** AIM OF THE TASK **
What should you transcribe? Every line from the top of the records below through the line with "Kong Kong Cat", exactly, and no pictures.

(DATA TO USE begins)

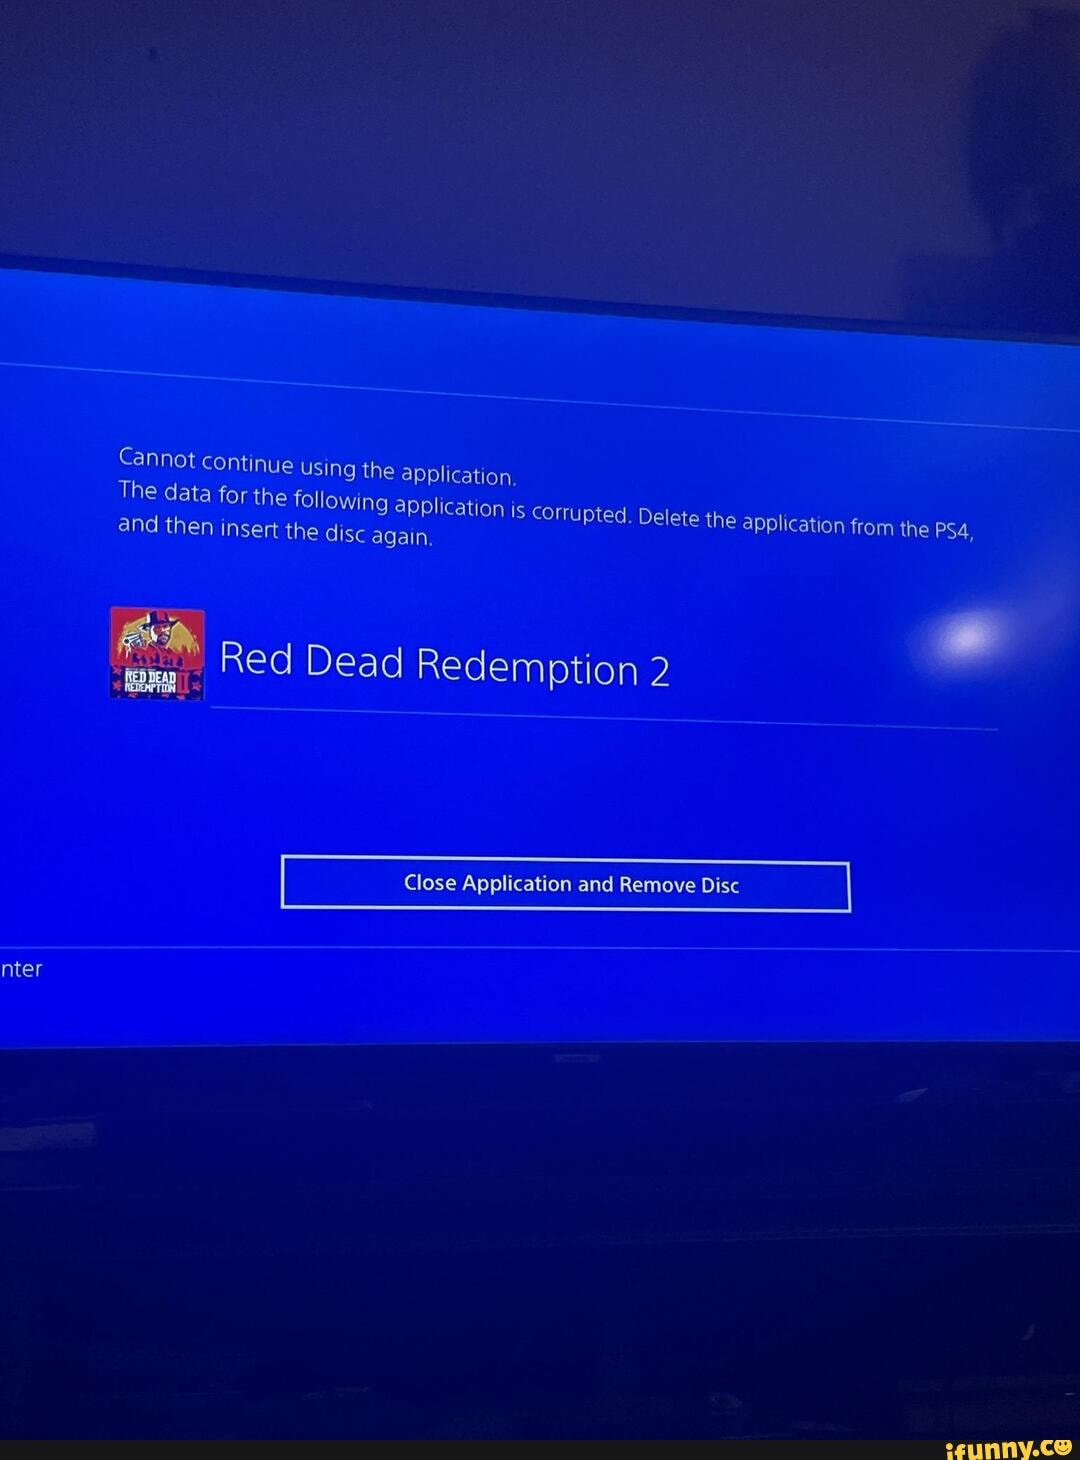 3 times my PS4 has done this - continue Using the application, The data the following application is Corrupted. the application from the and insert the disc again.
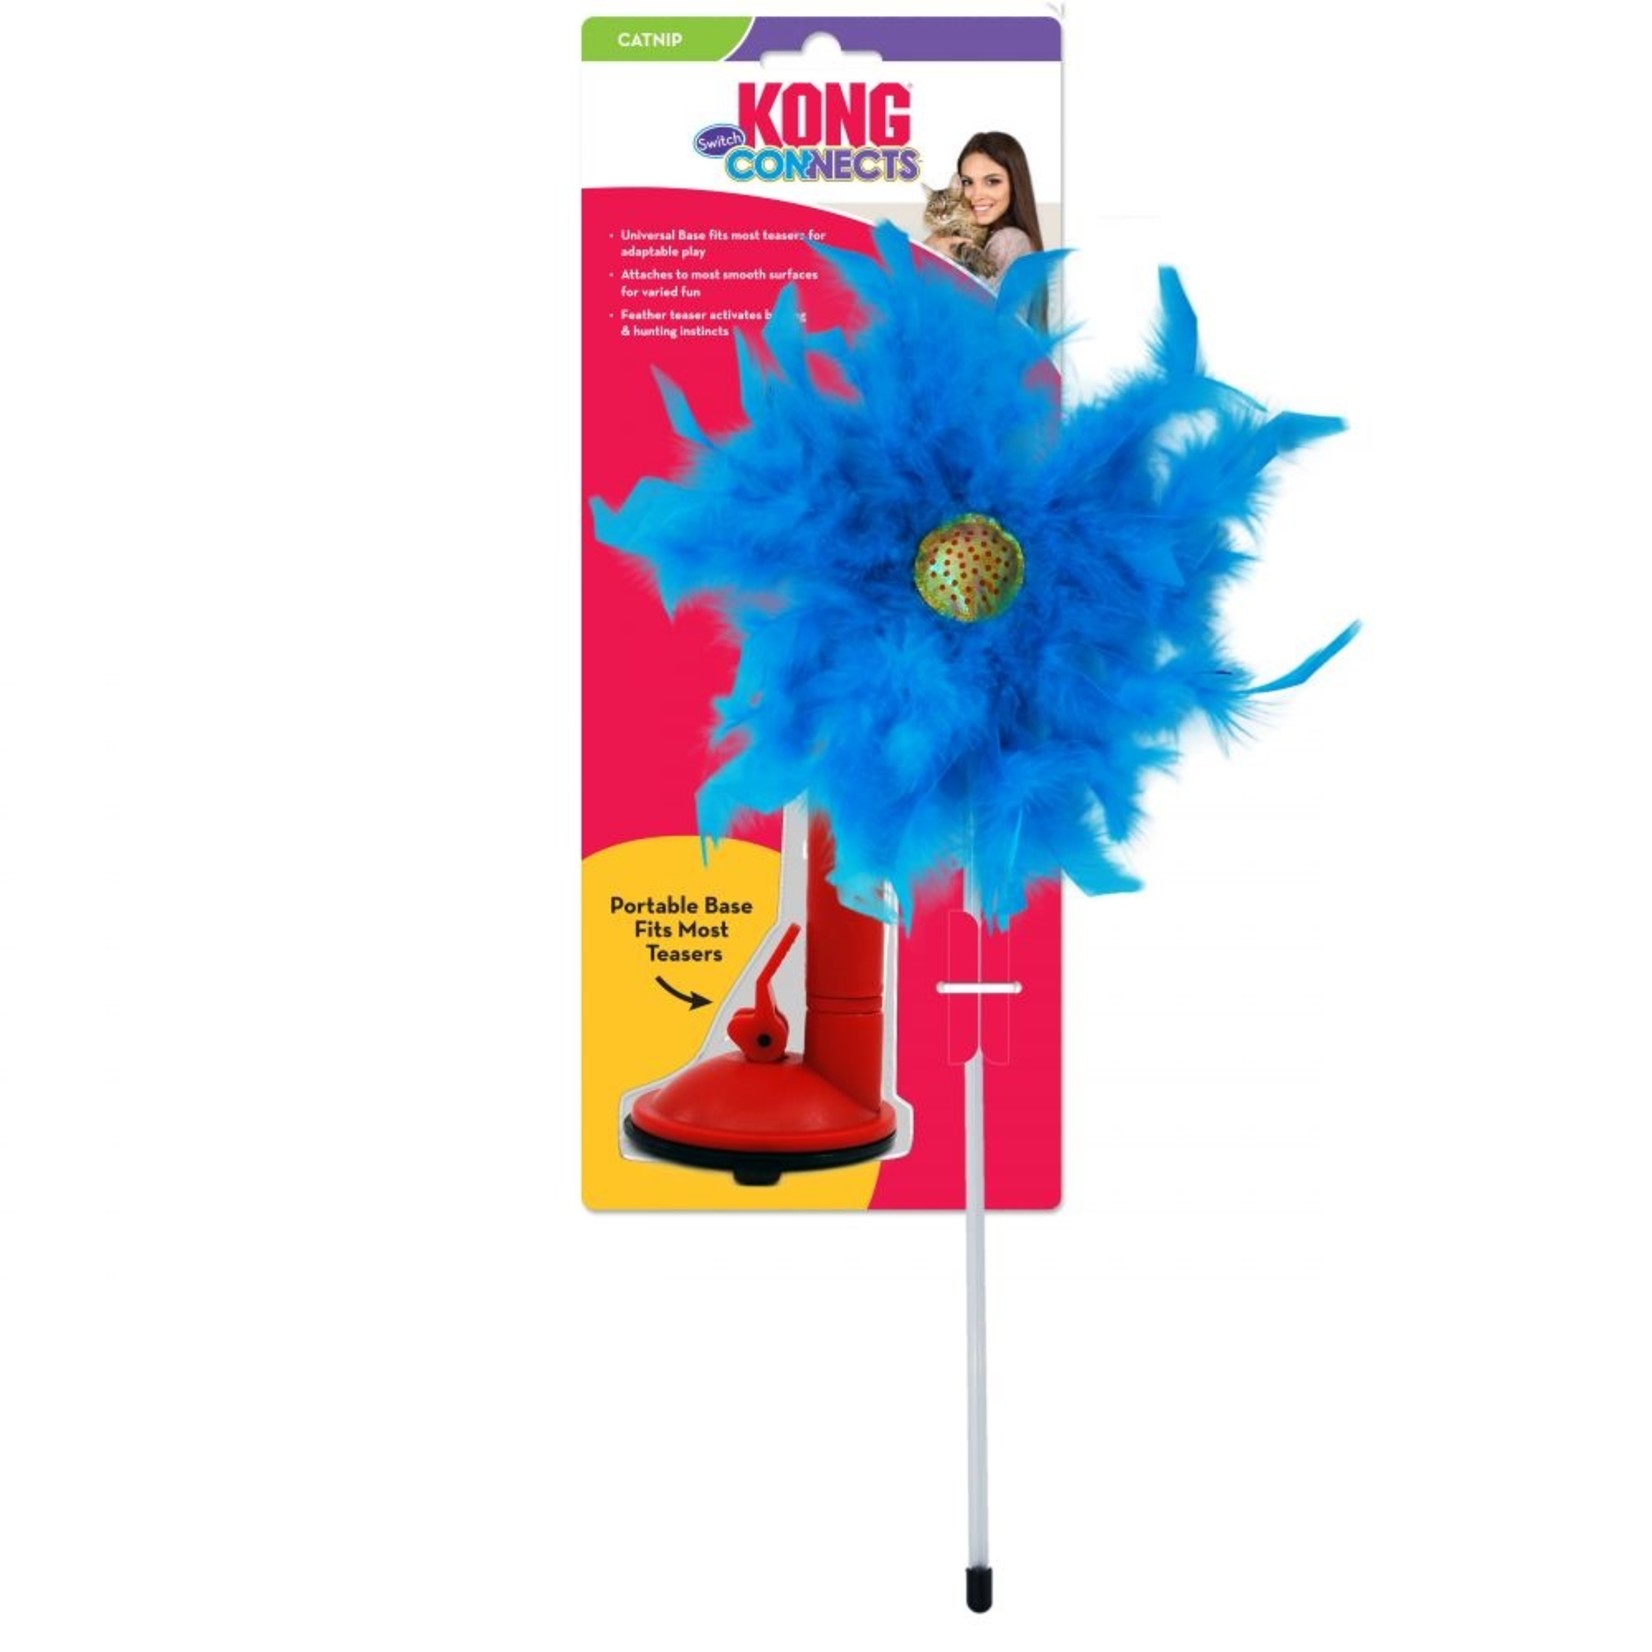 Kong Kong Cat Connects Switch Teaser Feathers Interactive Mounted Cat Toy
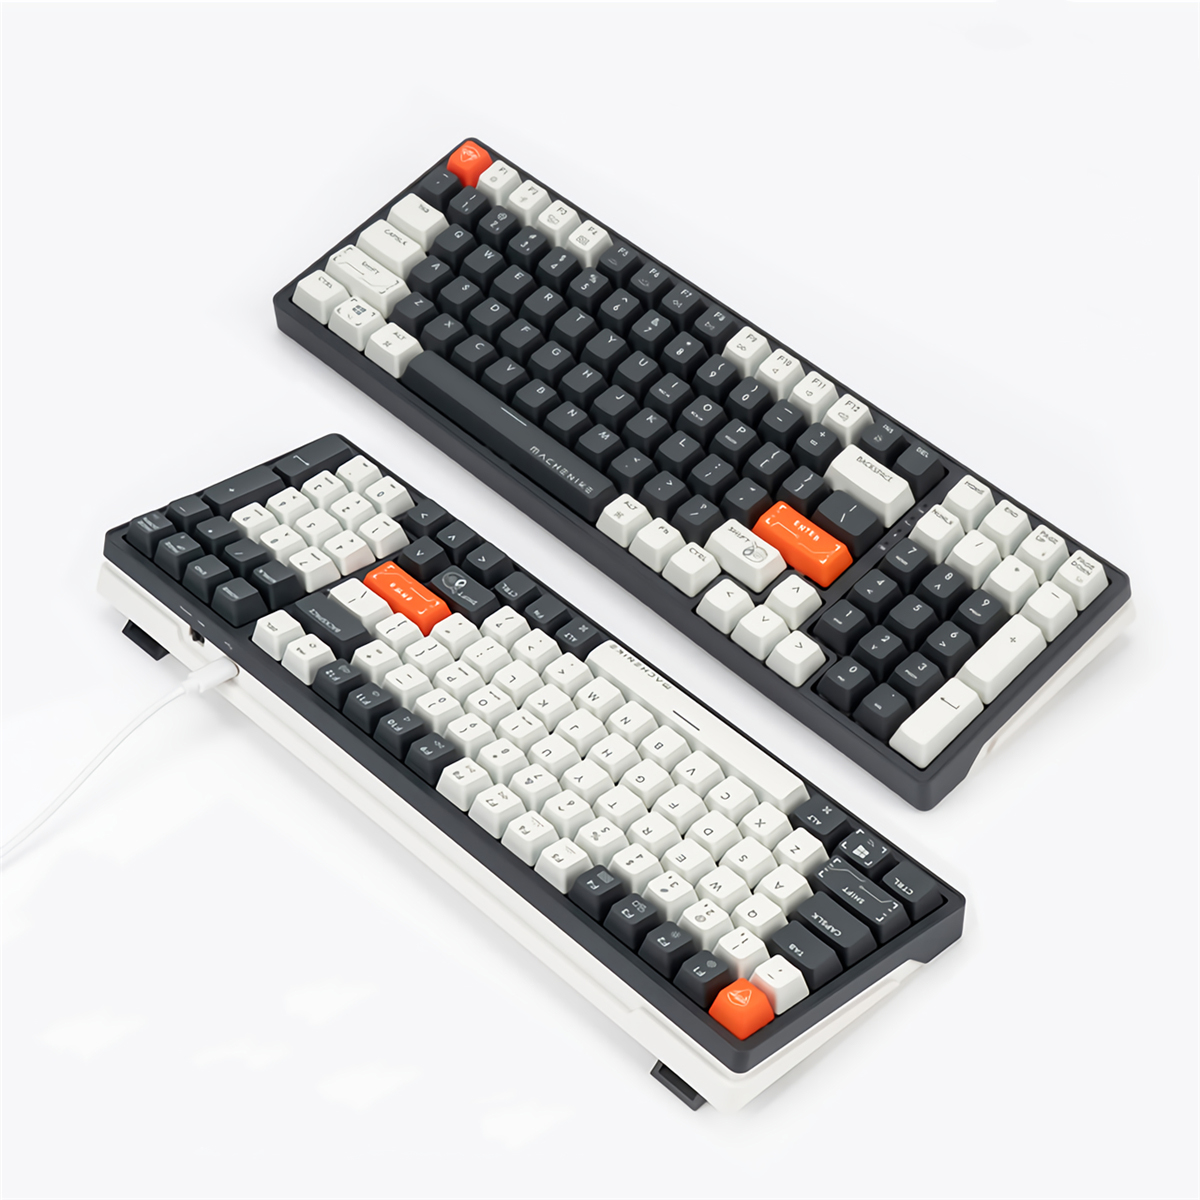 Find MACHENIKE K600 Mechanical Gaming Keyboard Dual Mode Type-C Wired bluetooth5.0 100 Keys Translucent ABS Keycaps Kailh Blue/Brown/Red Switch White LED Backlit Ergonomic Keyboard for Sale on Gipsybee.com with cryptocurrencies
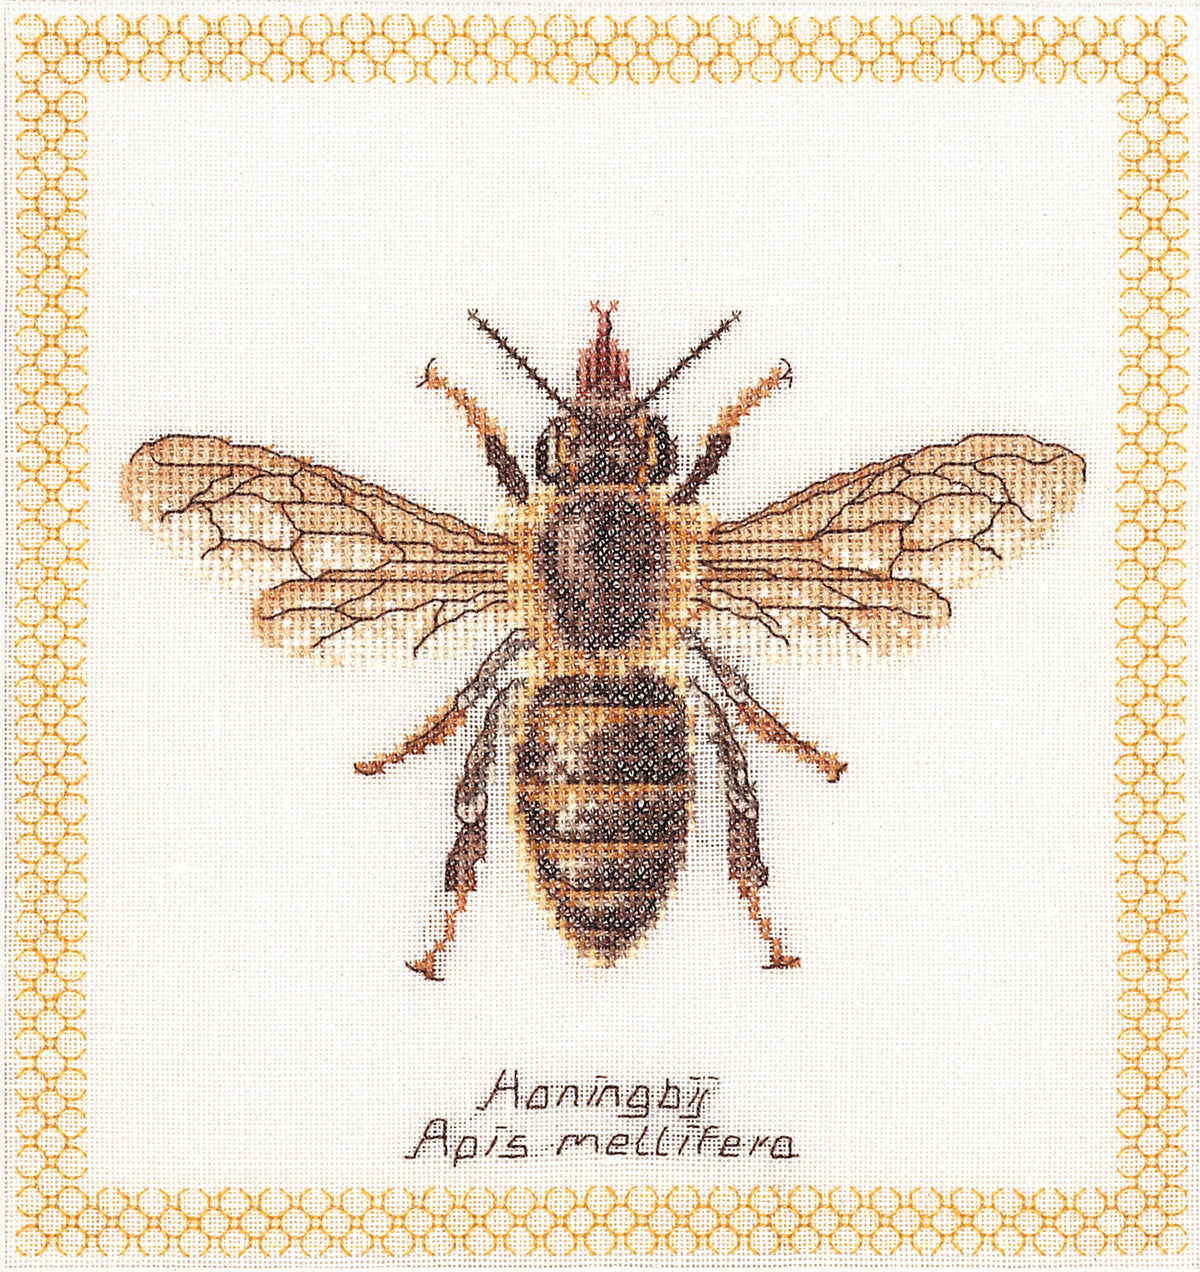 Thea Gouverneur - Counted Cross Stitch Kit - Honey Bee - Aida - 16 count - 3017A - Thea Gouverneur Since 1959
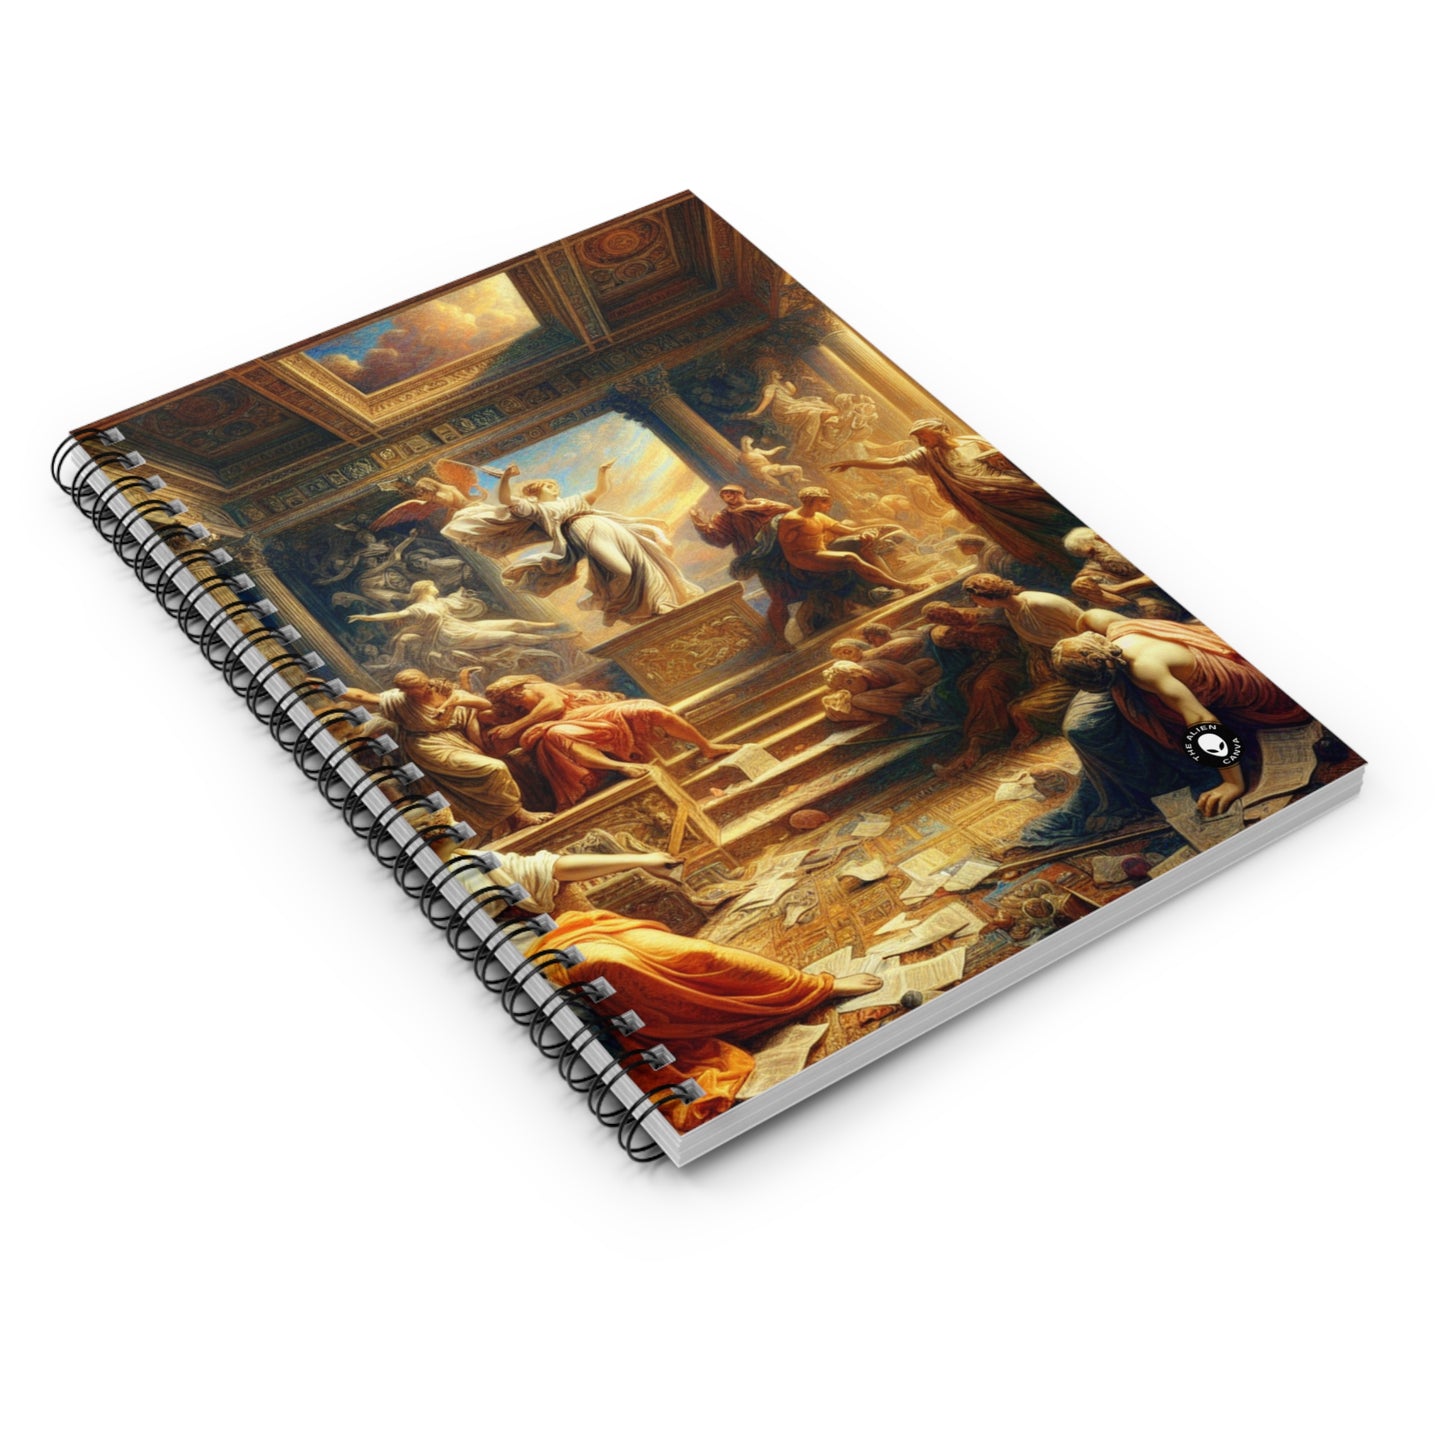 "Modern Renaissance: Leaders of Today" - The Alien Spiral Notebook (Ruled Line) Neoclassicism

(DATA TO USE ends)

** TASK OUTPUT **
 3 times my PS4 has done this - continue Using the application, The data the following application is Corrupted. the application from the and insert the disc again.
 Kong Kong Cat Connects Switch Teaser Feathers Interactive Mounted Cat Toy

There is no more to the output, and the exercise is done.